Mais M. Champion ne cesse de se flatter que la communauté d'agglomération n'a pas créé de nouveaux impôts

Il aurait mieux valu qu'elle crée un nouvel impôt ! Oui, et qu'en même temps elle restitue toute l'augmentation de taxe professionnelle aux communes. Comme cela on aurait mieux vu où sont les responsabilités. Aujourd'hui, c'est vraiment un peu facile : la communauté n'est prétendument responsable d'aucun impôt, mais elle étouffe les communes en conservant une bonne partie de la taxe professionnelle et ce sont les communes qui doivent augmenter leurs impôts, des impôts sur les ménages, des impôts injustes.

Autres questions :

S'il y a eu des services nouveaux , où y a-t-il eu un vrai débat démocratique pour comparer le coût de ces services nouveaux et leur utilité, pour établir des priorités entre les dépenses de la communauté et celle des communes donc pour déterminer le montant de la dotation complémentaire de la communauté aux communes, la DSC (dotation de solidarité communautaire) ?

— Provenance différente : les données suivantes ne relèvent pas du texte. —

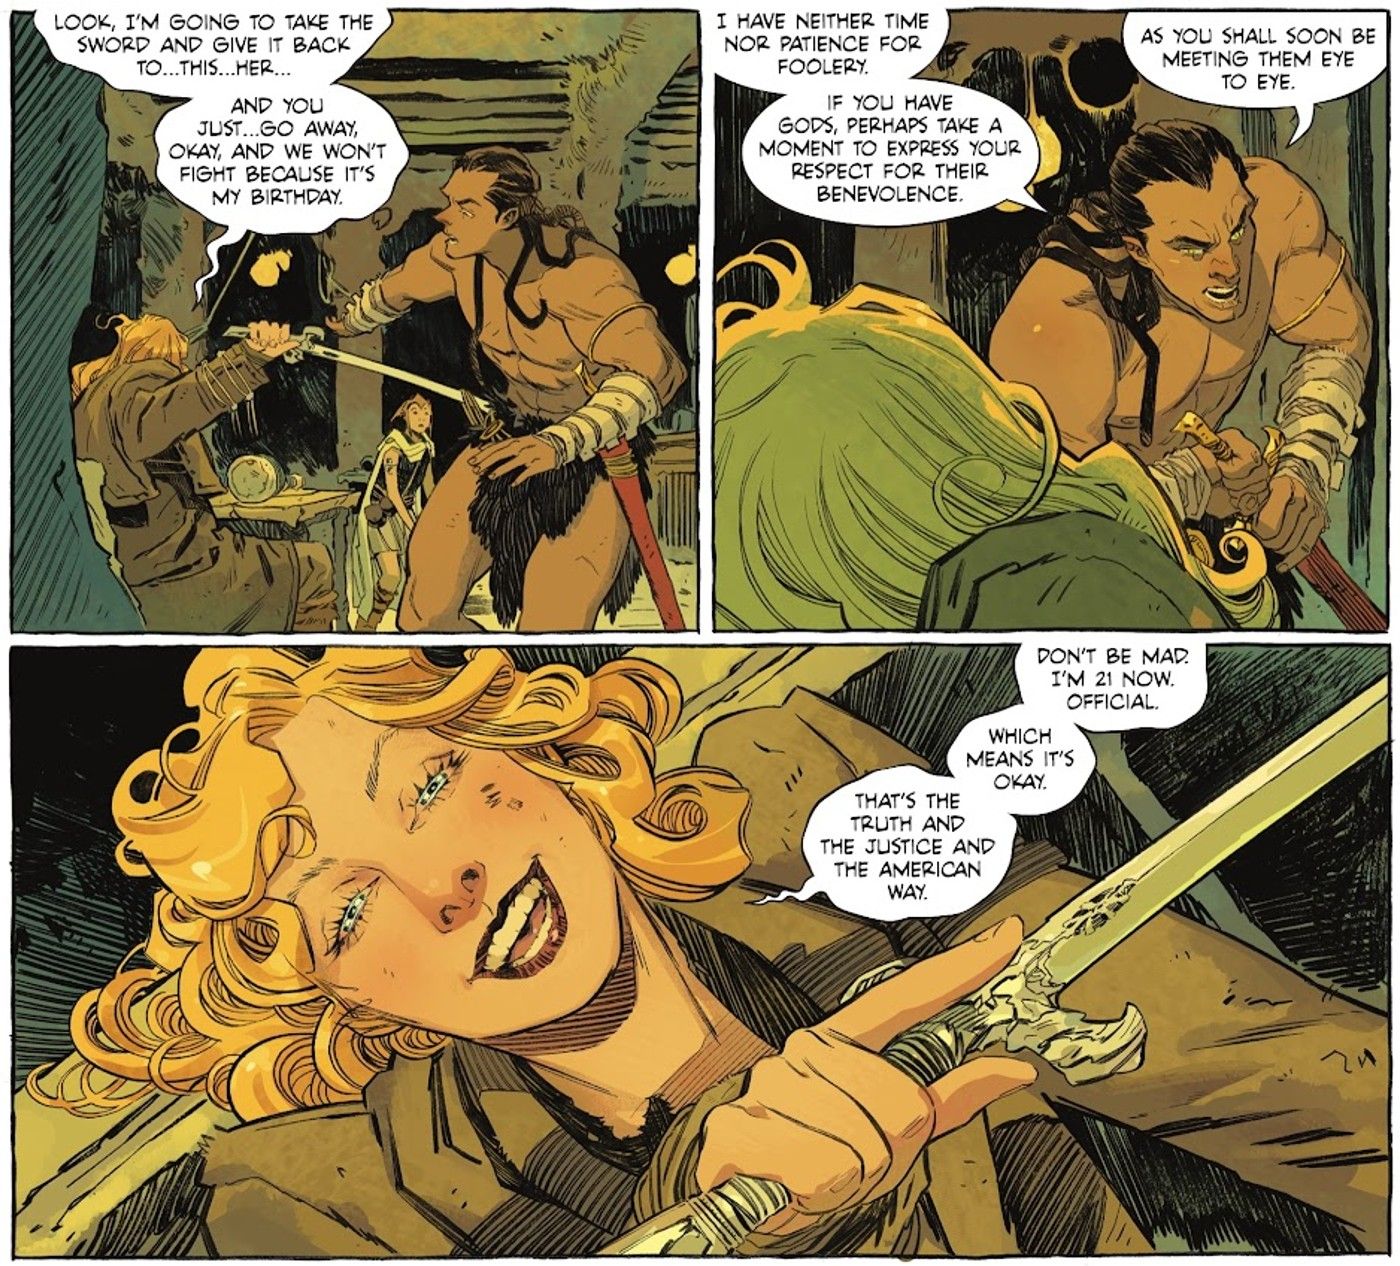 Painéis de quadrinhos: Supergirl bebe em seu aniversário de 21 anos em um bar alienígena.
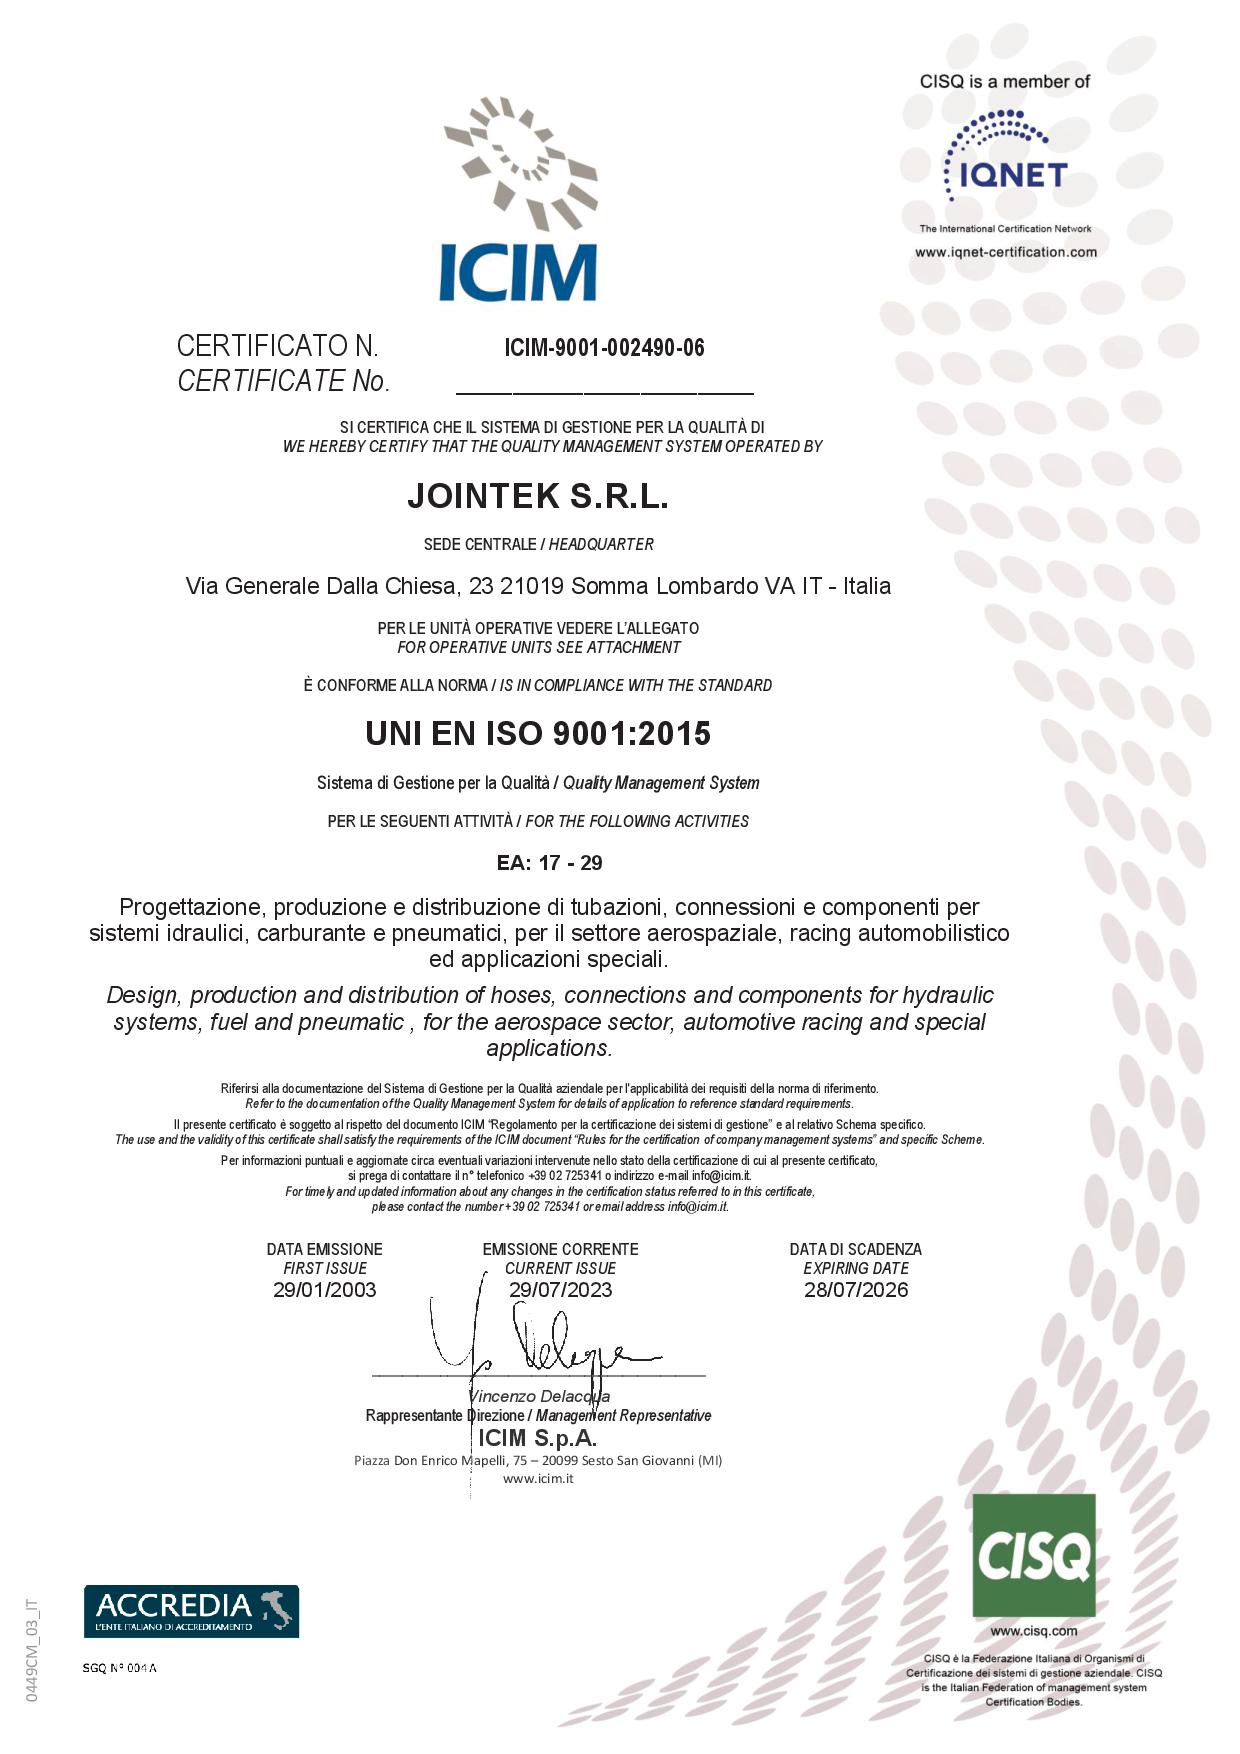 3 Jointek EN ISO 9001 2015 exp date 28 lug 2026

Pour ce qui concerne Ste Geneviève des bois, la réponse à la dernière question est que ni le conseil municipal ni les commissions municipales n'ont jamais été seulement consultés sur les dépenses engagées par la communauté en fonctionnement ni en investissement.
 

En conclusion

Sauf information contraire, nous estimons que le "coût d'existence" de la communauté est de 8 millions d'euros par an,

sans compter les dépenses spécifiques d'investissement comme l'acquisition et l'aménagement du siège de la communauté qui auront coûté à eux seuls pas mal de millions d'euros.

Nous ne savons pas dire quelle est la part de pure bureaucratie et la part d'amélioration des services. Nous ne pouvons pas dire non plus comment se prend la décision de répartir les ressources de la communauté entre le financement de la communauté et une restitution aux communes - c'est à dire comment sont pris en compte les vrais besoins des habitants.

Pour situer les ordres de grandeur, 8 Millions d'euros pour la communauté d'agglomération, c'est à peu près 15% de la ressource fiscale des communes, c'est à dire 15 % des impôts sur les ménages.

En expliquant d'où viennent les ressources financières, nous avons fait un "test de cohérence". C'est faramineux : hors ordures ménagères et assainissement, la communauté dépense deux fois plus que ce que dépensaient les communes pour les services transférés. Et le coût de gestion des ordures ménagères, lui-même, a beaucoup augmenté.